Hoje fiquei namorando o mar, cansado e frustrado, debruçado sobre o gradil. A segurança do grande navio não me pareceu tão relevante nem o mar aberto tão ameaçador. Tive vontade de pular, mas lembrei que não estava sozinho e isso doeu mais do que todo o resto. Minhas ações tem efeitos sobre outras pessoas, especialmente aquelas com as quais mais me importo. Fiquei apertando os olhos procurando sinais de outras embarcações no horizonte até o sol se por. Essas solidões rodeadas de gente são enlouquecedoras. Tantalus condenado a viver eternamente num vale verdejante onde as árvores de frutas maduras estão quase a seu alcance e as águas cristalinas escoam para longe toda vez que ele tenta matar sua sede nelas.
No final das contas, tudo resume-se ao momento do foda-se, quando sinto que não tenho nada a perder,  ou talvez quando já estou pronto para perder tudo. Acordo e resolvo não pensar mais no assunto. Sem tomar café da manhã, sigo, com uma leve vertigem, pelo caminho da minha cabine até a proa do navio. Sei que não posso hesitar. 
Escalo o gradil e pulo para o mar.
Nos breves segundos entre soltar-me do navio, afundar na água e reemergir, sinto um grande alívio com a certeza irracional de que vou morrer. É aquela sensação de cair um degrau no início do sono. 
A água está tranquila, translúcida, morna. Pareço o dial de um rádio sem antena, só percebo ruídos de alívio, medo, satisfação, orgulho, vergonha (3 a 2). Meus temores mais profundos, os cenários mais sombrios elaborados pela minha imaginação doente não se concretizam. Não há barbatanas de turbarão rasgando a superfície, tempestades se formando, ondas gigantes, leviatãs. Não entro em pânico, não engulo água e não me afogo. Boiando no infinito caldeirão, o medo parece distante e despropositado, infantil. Os músculos do meu rosto formam um sorriso. Percebo com intensidade lisérgica a brisa suave que lambe meu rosto molhado, o farfalho do mar, o gosto saudável do sal na boca. 

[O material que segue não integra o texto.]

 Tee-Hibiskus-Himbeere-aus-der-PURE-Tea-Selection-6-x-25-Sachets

Interessante. O tempo passou surpreendentemente rápido. Já estou no mar há algum tempo e agora minhas roupas encharcadas estão pesadas. Manter-me flutuando é marginalmente incômodo, minhas pernas um pouco cansadas. O sal pinica meus olhos. O sol queima meu coro cabeludo. Torço para que ele se ponha logo. Se bem que talvez a noite não seja tão melhor. O desconforto  é muito menor do que aquele que eu sentia a bordo, mas sei que é um aviso. Preciso me mover, não posso ficar boiando a vida toda à mercê do oceano.

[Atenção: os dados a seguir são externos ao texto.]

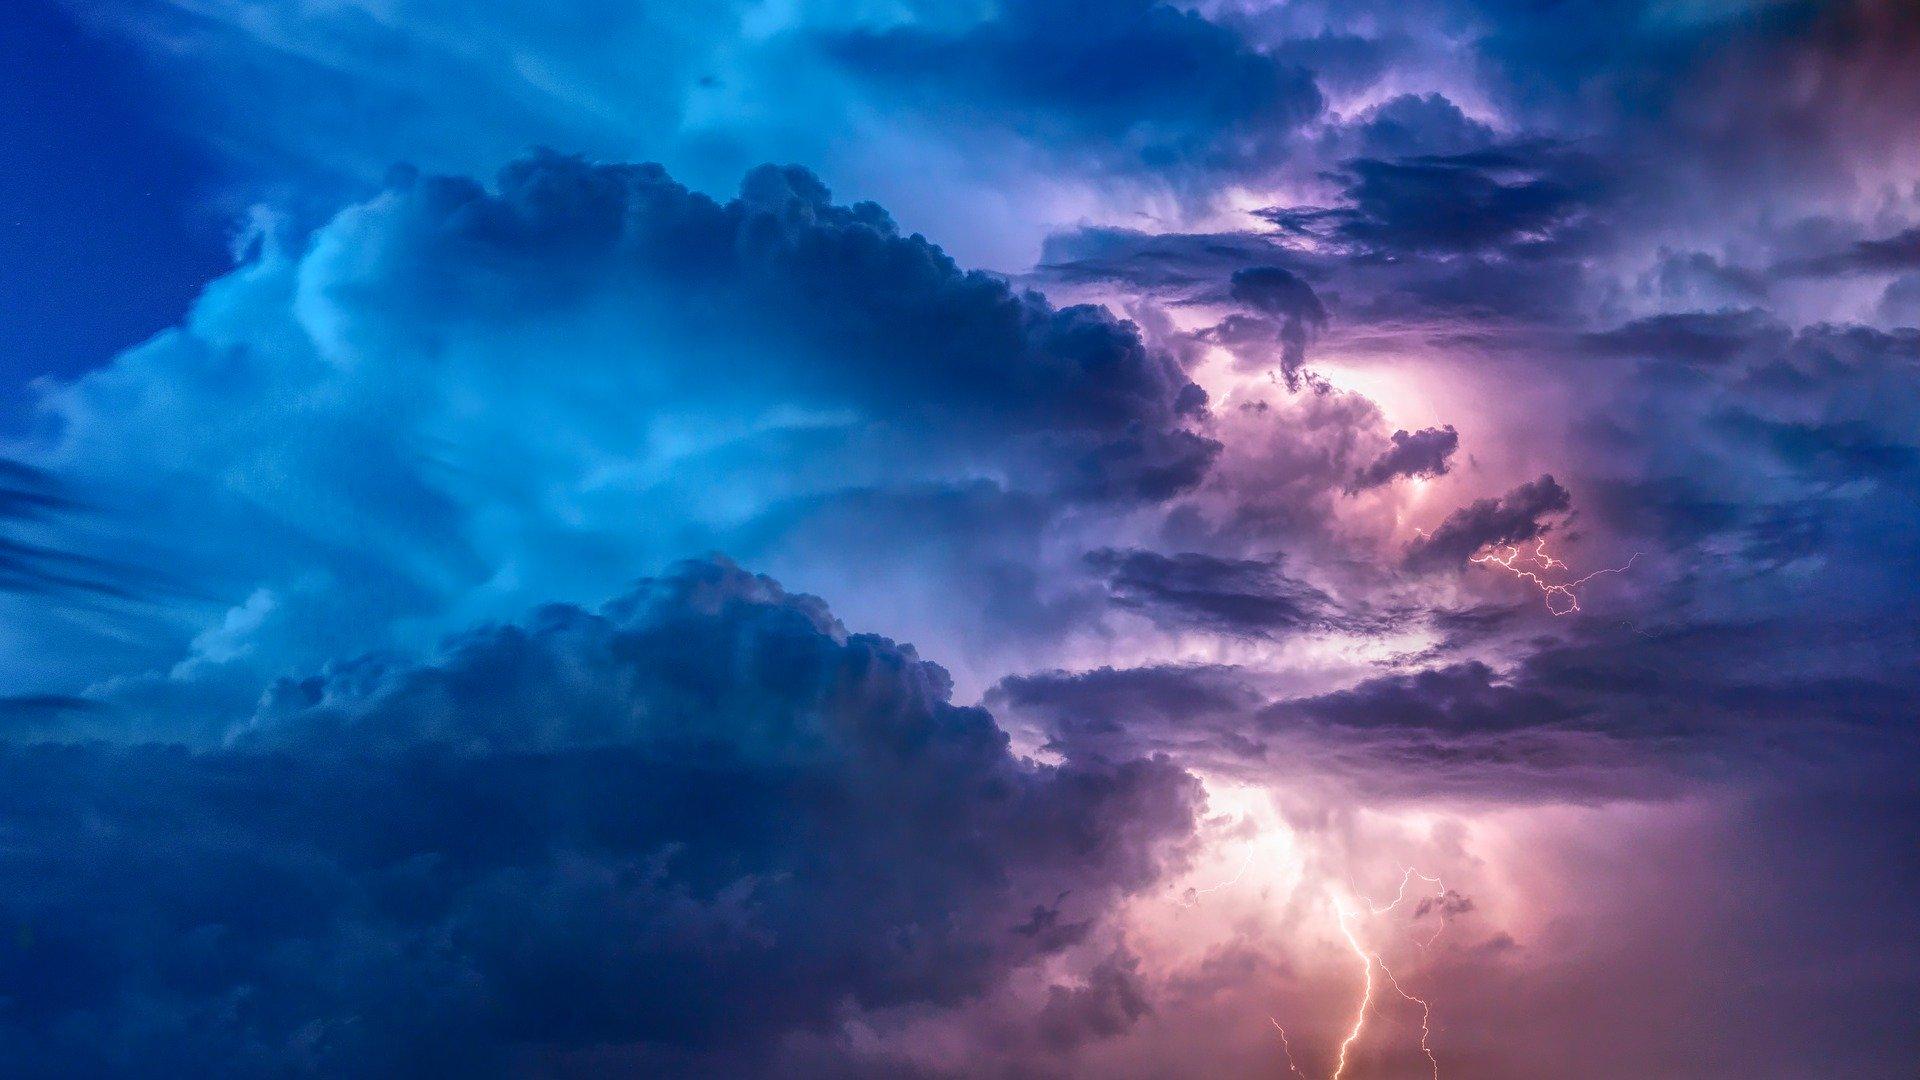 nori pe timpul unei furtuni
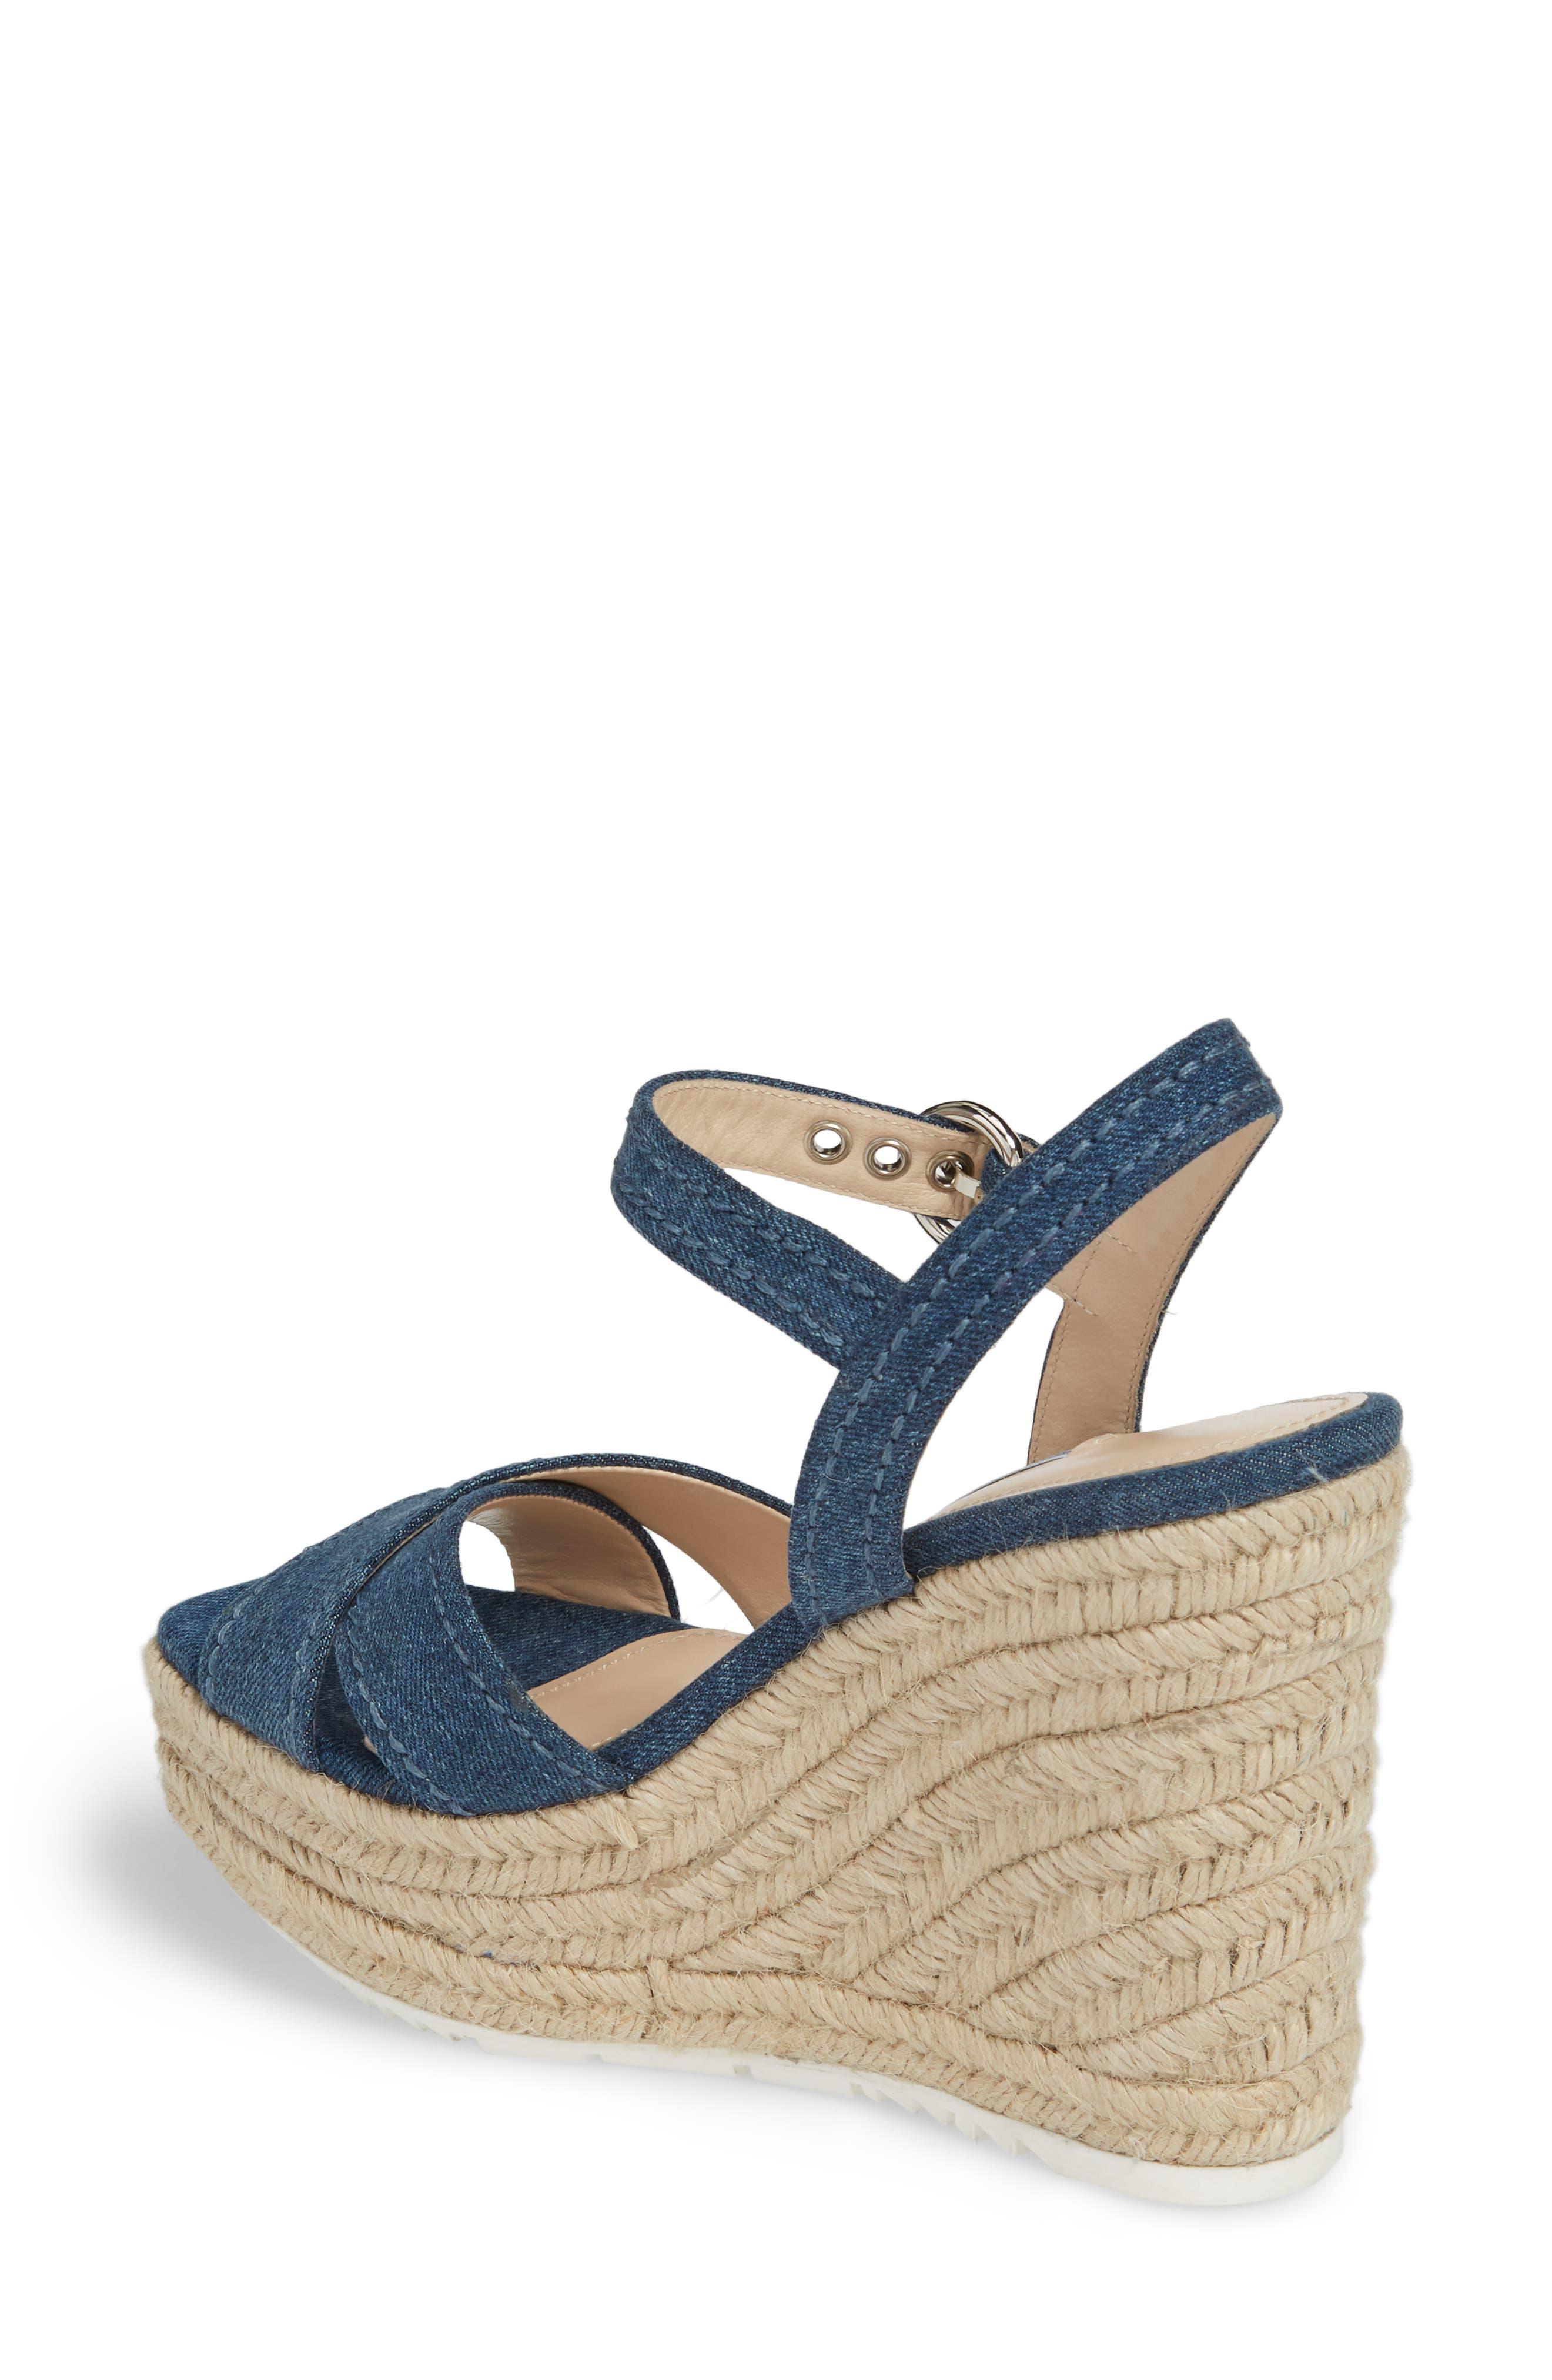 Espadrille Wedge Sandal,                             Alternate thumbnail 2, color,                             Blue

Começo a nadar, alternando braçadas vigorosas com um nado cachorrinho que é quase não nadar. De tempos em tempos, descanso, boiando de barriga para o céu, respirando fundo. Depois de cada inspiração, meu rosto afunda um pouco abaixo da superfície e meus sentidos sintonizam outra frequência, alienígena, subaquática. Tenho vontade de ficar submerso para sempre, mas minha cabeça começa a doer com a carência de oxigênio. Ainda não é hora. Volto a nadar, dessa vez para o lado oposto. O tempo passa rápido e me vejo imerso nas estrelas que brilham no céu e no espelho negro do mar.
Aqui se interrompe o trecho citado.